We may see the same thing in Canada because even now from January 1st, 2020 to October 16, 2020, only 2222 wells were drilled. By way of comparison, there were 4312 wells drilled in 2019; in short, we are seeing a drop of about 50%. This will affect the production of natural gas and cause a drop in the natural gas that is exported from Canada. Unique to Canada, the oil sands require about 25% of the natural gas for the oil sands and their SAGD operations, which make up 80% of the oil sands operations.
We are also expecting a La Niña winter, so all of this is setting up for an increase in demand in 2021 while the supply continues to decline. This could cause the price of natural gas to go above $3.50 / MMBtu. We hope this paper has addressed the many variables that can affect such an outlook, but for natural gas producers, hope springs eternal.
With the mergers and acquisitions, we see companies following the recipe of it being an all-stock deal to reduce costs through synergies regarding their overlapping leases. It will be about reducing costs in production and optimizing returns by being able to drill better wells.
Some will switch to variable dividends which means in years with low prices for natural resources oil and gas companies will not pay out as much protecting their cash flows in difficult years.
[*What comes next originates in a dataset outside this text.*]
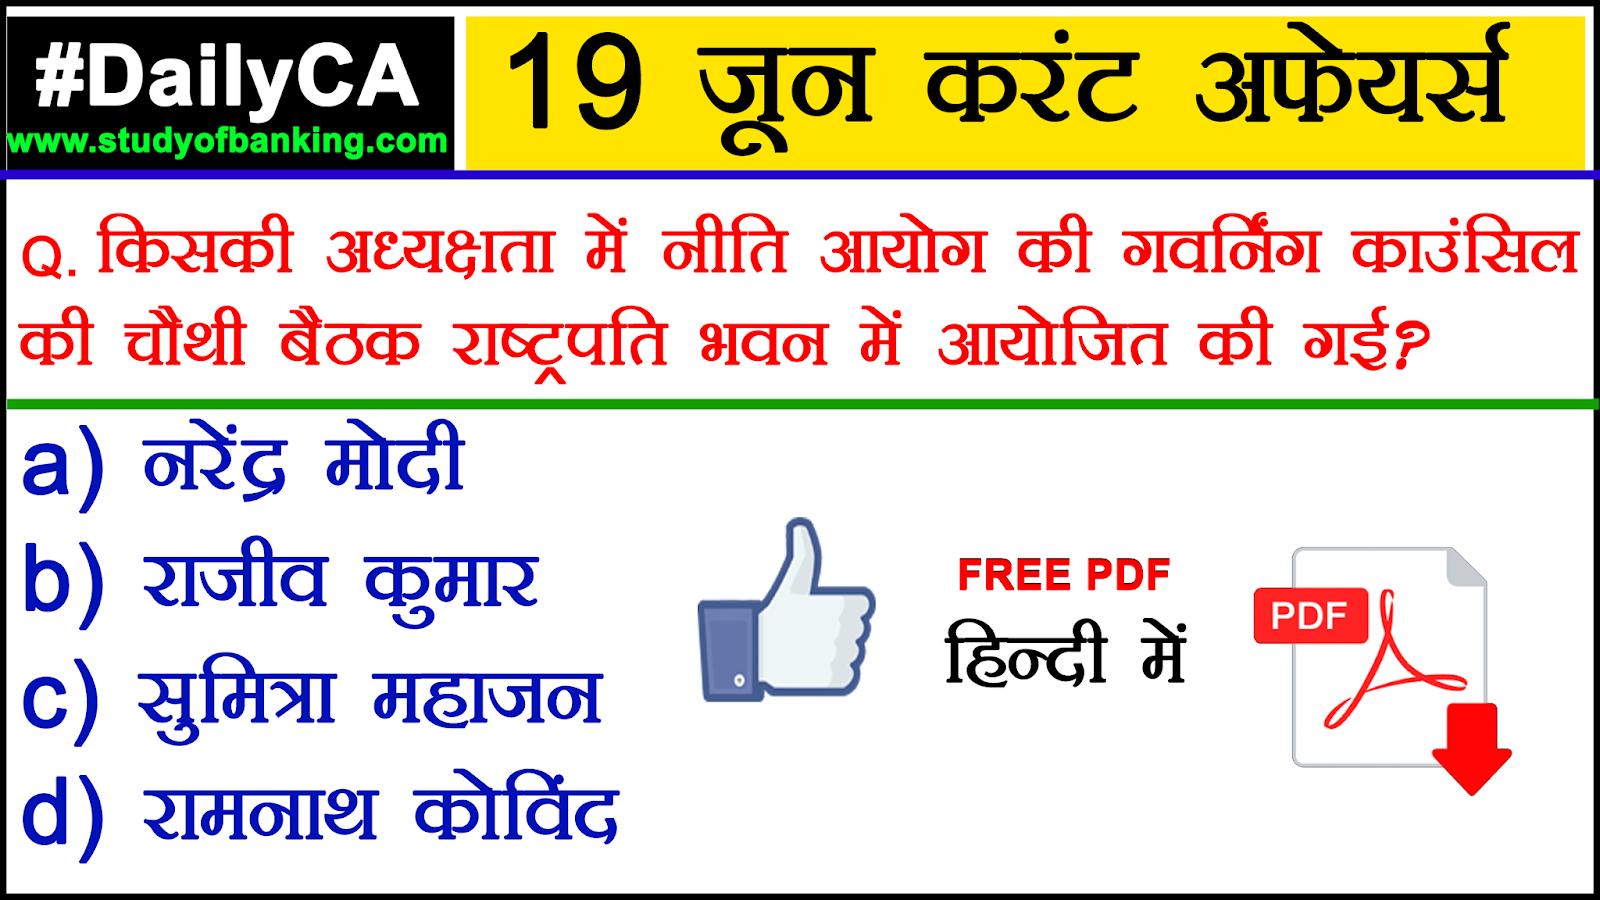 #DailyCA : 19 जून कर्रेंट अफेयर्स 2018 Quiz in Hindi

Our investors want higher returns rather than higher production, so companies are focusing on fully developing their already existing assets to boost returns. Therefore, not many are interested in buying assets.
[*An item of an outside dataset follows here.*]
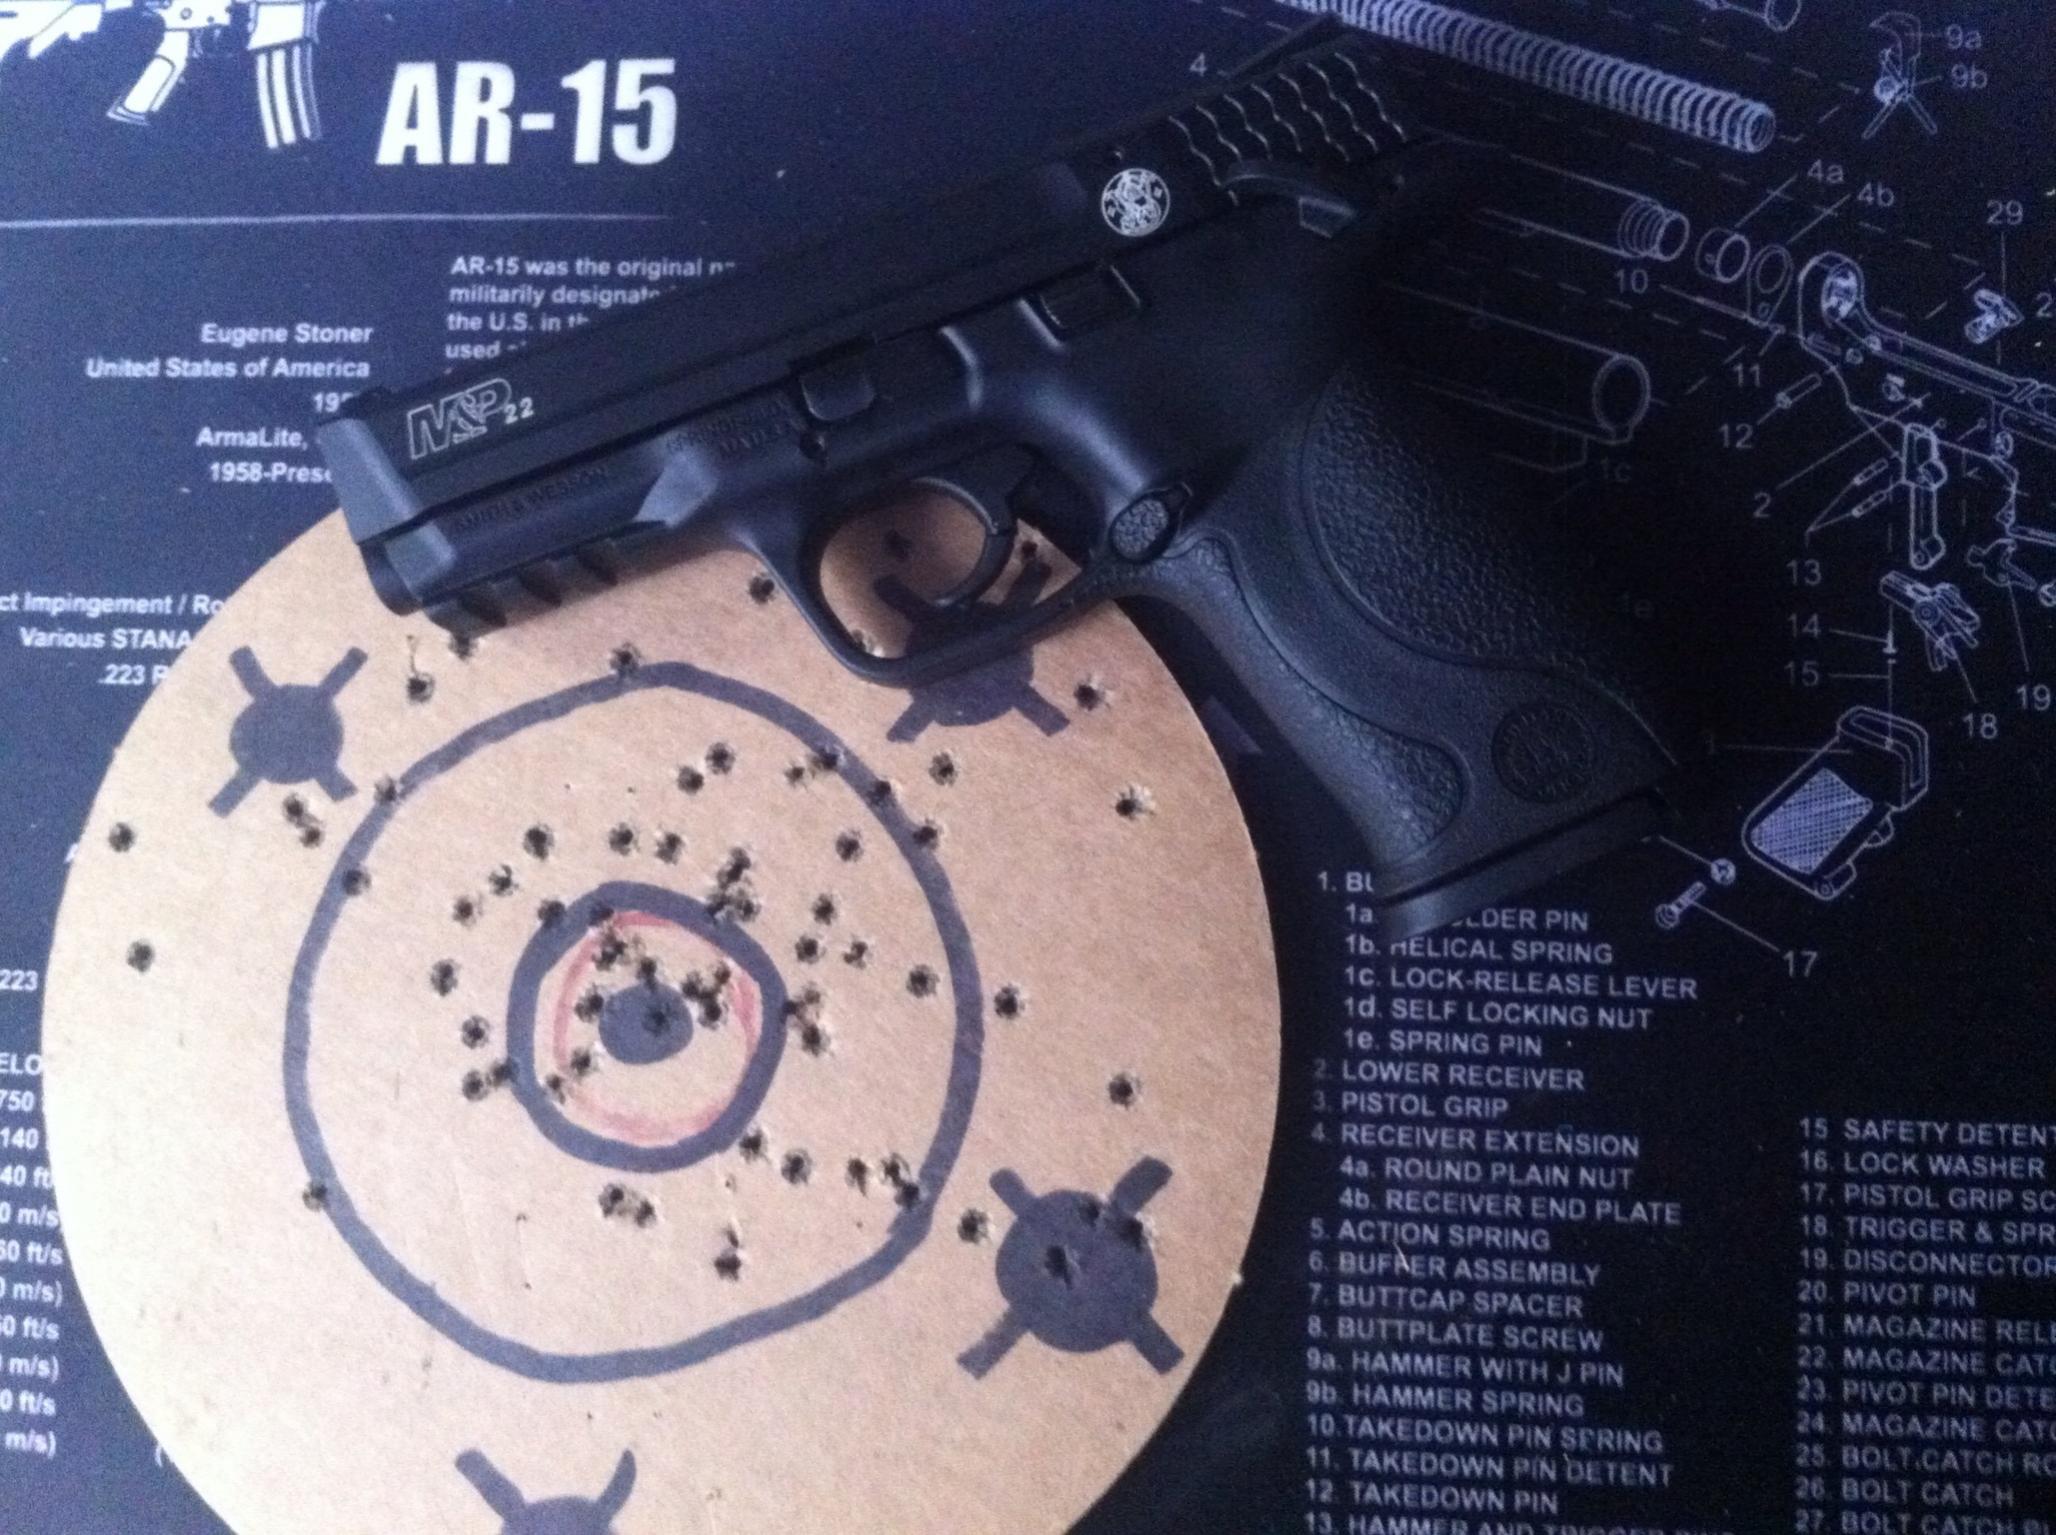 First impressions M&P 22 pistol-image.jpg

Money will be spent on innovative ideas of completing some new wells with a combination of new drills and DUC wells, conducting workovers and refracturing to optimize existing wells, and other tactics to manage their decline curves (Johnson and Rossano, 2020). This is reflective in the growing number of frac spreads.
Don’t expect the number of wells drilled to suddenly increase until the second quarter of 2021.
Hopefully with a demand for LNG due to a cooler winter globally because of La Niña, and reduction in production we will see the price of natty above $3.50 / MMBTU.
As to the increase in drilling many operators lack access to capital with little or no liquidity out there, whether it’s debt or raising capital in the public market especially with the number of companies currently seeking restructuring. This may hinder the increase in drilling we normally expect with a rise in the price of oil or gas.
This may lead to the sale of assets, or consolidation through mergers or acquisitions as companies find strength in economies of scale lower overheads, increased bargaining power with suppliers and greater access to debt markets (Turley, 2020; Crowley, 2020).
There are too many operators in some areas causing a checker board of leases and companies are striving to obtain contiguous leases to minimize field costs, optimize production, achieve savings in debt repayments, and reduce operating costs lowering their breakeven costs.
These mergers and acquisitions are beneficial to the industry but will see reduction in jobs as companies do more with less staff as companies try to increase their net income per employee (NIPE). Some successful operators have less than 200 full-time employees.